Sugimoto K, Yamada K, Egashira M, Yazaki Y, Hirai H, Kikuchi A, Oshimi K
Department of Hematology, Juntendo University School of Medicine, Tokyo, Japan.
Blood. 1998 Feb 15;91(4):1407-17.
We related cellular content of DNA topoisomerase (topo) IIalpha and IIbeta with the cell cycle position in proliferating, differentiated, and apoptotic HL-60 cells using two-dimensional flow cytometry. In logarithmically growing HL-60 cells, topo IIalpha increased especially in late S to G2/M phases, although the topo IIbeta level was almost constant throughout the cell cycle. Induction of differentiation by all-trans retinoic acid dramatically reduced the topo IIalpha but not the topo IIbeta level. A new G2/M population containing virtually no topo IIalpha appeared during differentiation and was supposed to be alive and noncycling. Two-dimensional flow cytometry of topo IIalpha or IIbeta staining and terminal deoxynucleotidyl transferase-mediated dUTP-biotin nick end-labeling assay showed that one topo IIbeta epitope situated at the C-terminal end decreased specifically in apoptotic HL-60 cells treated with Ara-C, etoposide, and vincristine. The amounts of a topo IIalpha epitope and another topo IIbeta epitope located at a more central portion were almost equal between apoptotic and nonapoptotic cells. Western blot analysis confirmed that topo IIbeta protein was completely degraded into smaller fragments and lost its C-terminal end during apoptosis. On the contrary, a large portion of topo IIalpha remained of its original size, although both topo IIalpha and IIbeta left from the nuclear fraction in apoptotic cells. Confocal laser microscopy showed nuclear localization of topo IIalpha and IIbeta in growing HL-60 cells. Although topo IIalpha and IIbeta were distributed throughout the cell during mitosis, only topo IIalpha was densely concentrated in the mitotic chromosomes. Both enzymes were dissociated from the genomic DNA even at an early phase of apoptosis and completely separated from the propidium iodide signal of DNA in the advanced stage. Chromatin condensation process in apoptosis is therefore completely topo II-independent and obviously differs from the mitotic one.

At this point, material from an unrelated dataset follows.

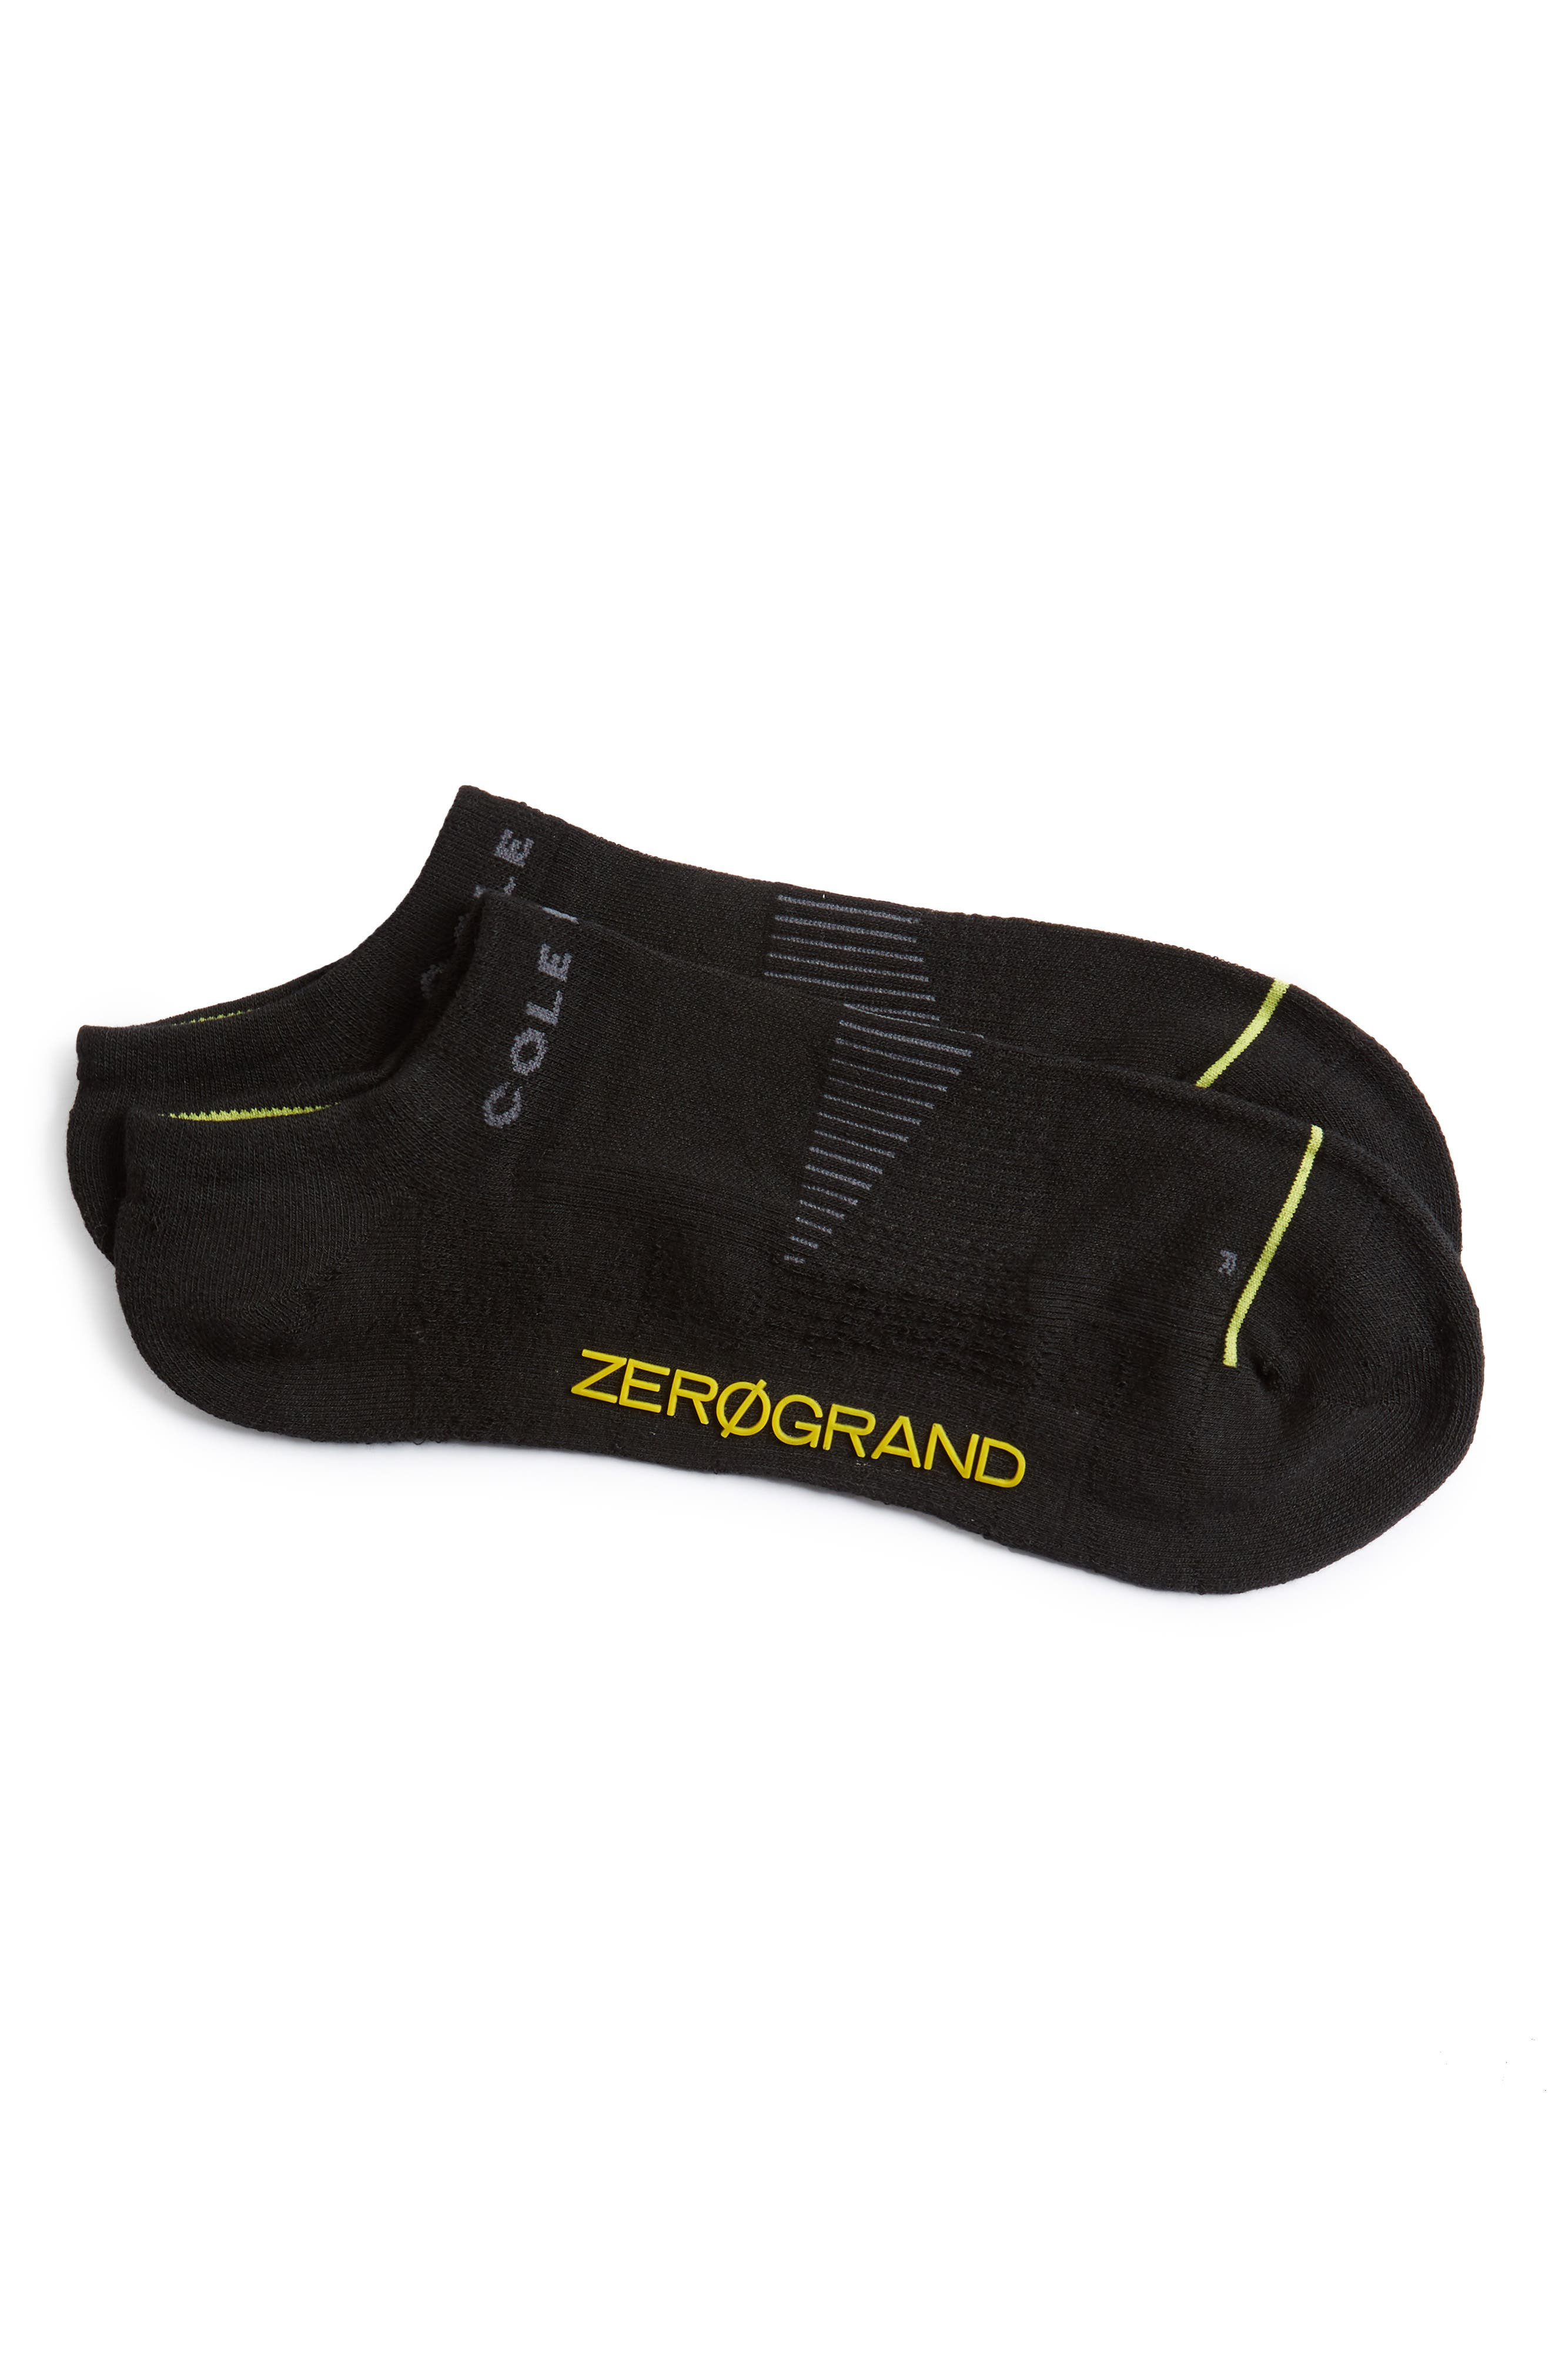 COLE HAAN ZeroGrand Liner Socks, Main, color, 001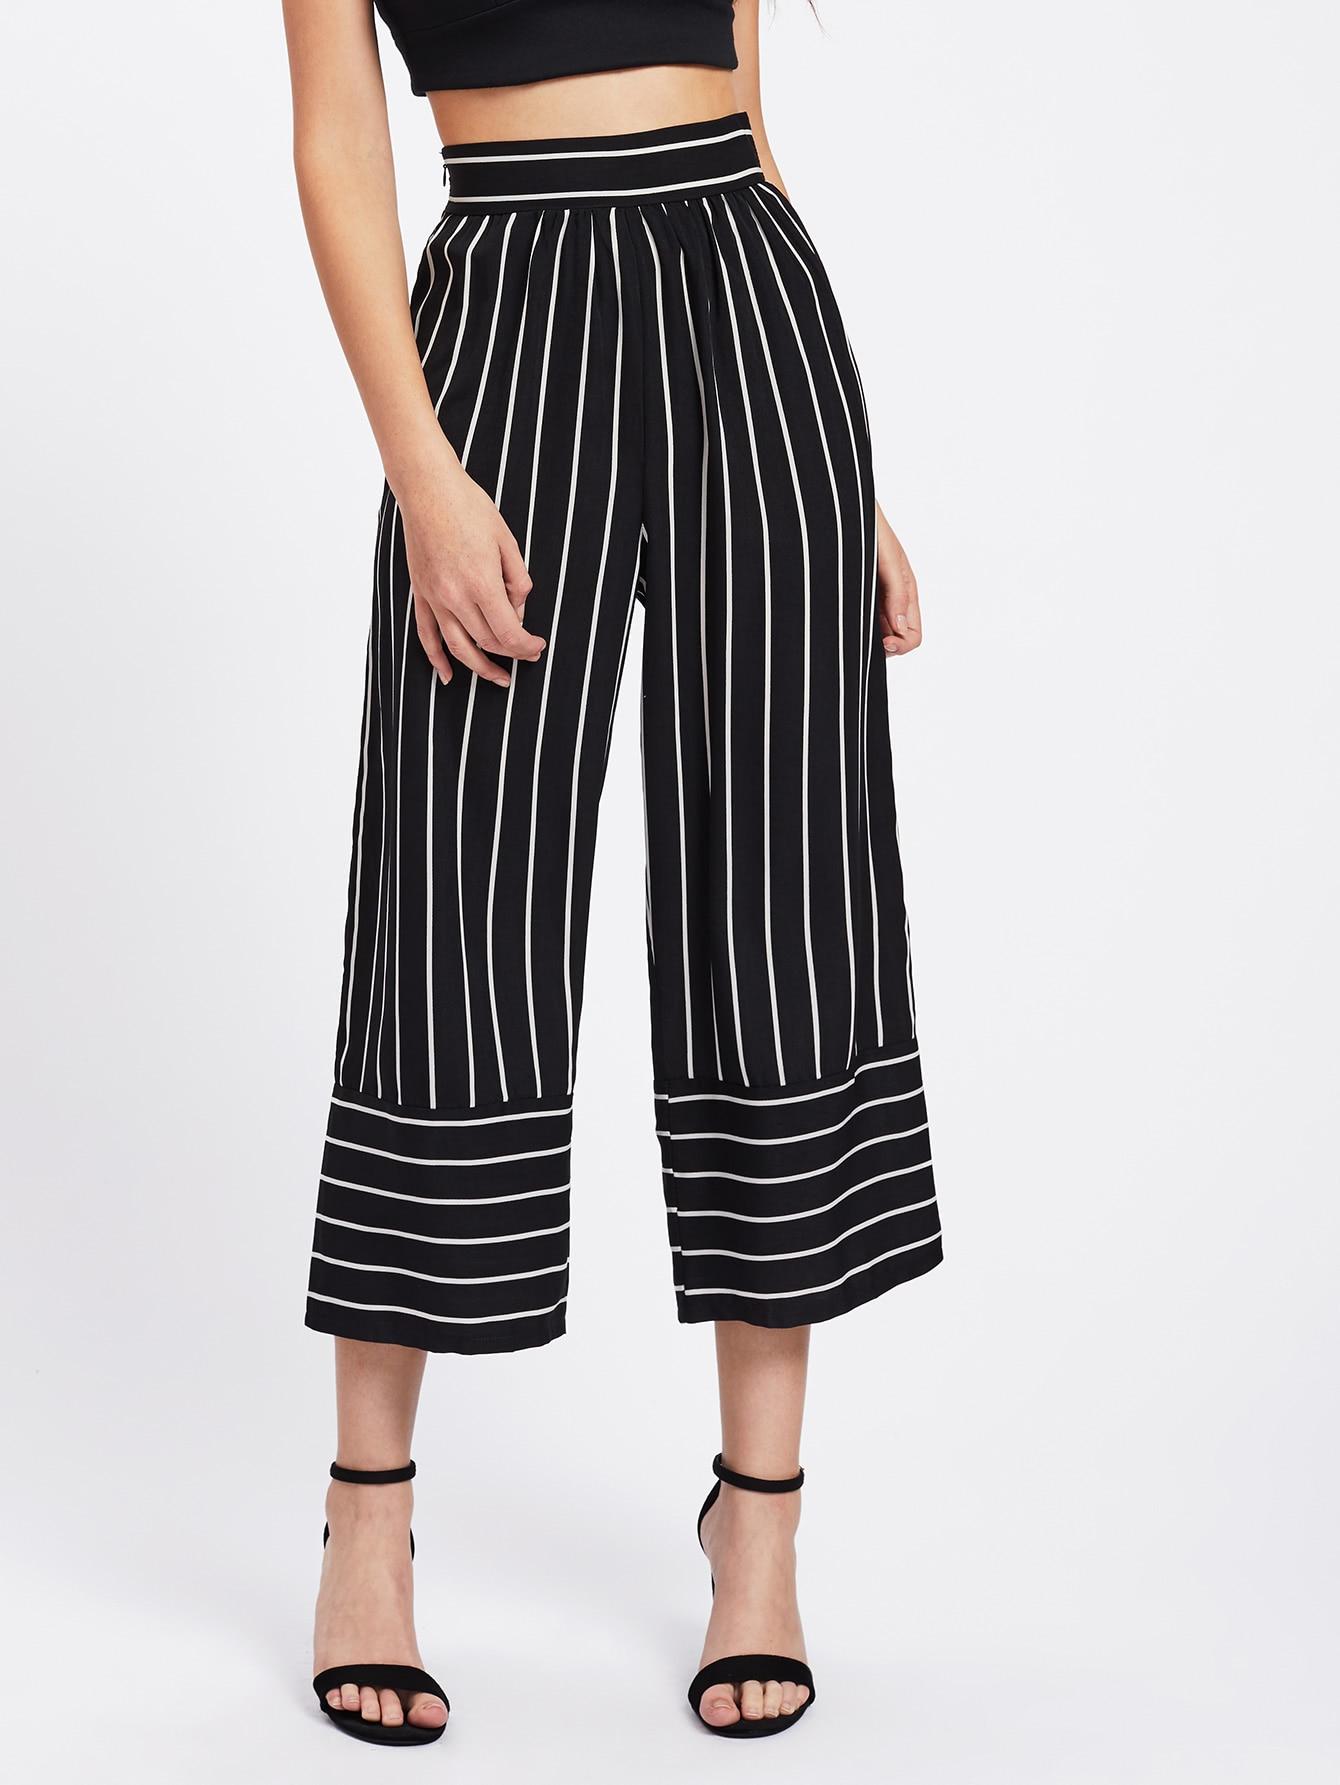 New Wide Leg Pants Women Stripes Pant High Waist Loose

我们使用二维流式细胞术,将DNA拓扑异构酶(topo)IIα和IIβ的细胞含量与增殖、分化和凋亡的HL-60细胞中的细胞周期位置相关联。在对数生长期的HL-60细胞中,topo IIα尤其在S期晚期至G2/M期增加,尽管topo IIβ水平在整个细胞周期中几乎保持恒定。全反式维甲酸诱导分化显著降低了topo IIα水平,但未降低topo IIβ水平。在分化过程中出现了一个几乎不含topo IIα的新G2/M群体,推测其为存活且非循环的细胞。topo IIα或IIβ染色的二维流式细胞术以及末端脱氧核苷酸转移酶介导的dUTP-生物素缺口末端标记分析表明,位于C末端的一个topo IIβ表位在经阿糖胞苷、依托泊苷和长春新碱处理的凋亡HL-60细胞中特异性降低。位于更中心部分的一个topo IIα表位和另一个topo IIβ表位的量在凋亡细胞和非凋亡细胞之间几乎相等。蛋白质印迹分析证实,topo IIβ蛋白在凋亡过程中完全降解为较小的片段并失去其C末端。相反,尽管凋亡细胞中topo IIα和IIβ均从核部分中消失,但大部分topo IIα仍保持其原始大小。共聚焦激光显微镜显示,在生长的HL-60细胞中topo IIα和IIβ定位于细胞核。虽然在有丝分裂期间topo IIα和IIβ分布于整个细胞,但只有topo IIα密集地集中在有丝分裂染色体中。即使在凋亡早期,这两种酶也与基因组DNA解离,并在晚期与DNA的碘化丙啶信号完全分离。因此,凋亡中的染色质浓缩过程完全不依赖于topo II,且明显不同于有丝分裂过程中的染色质浓缩。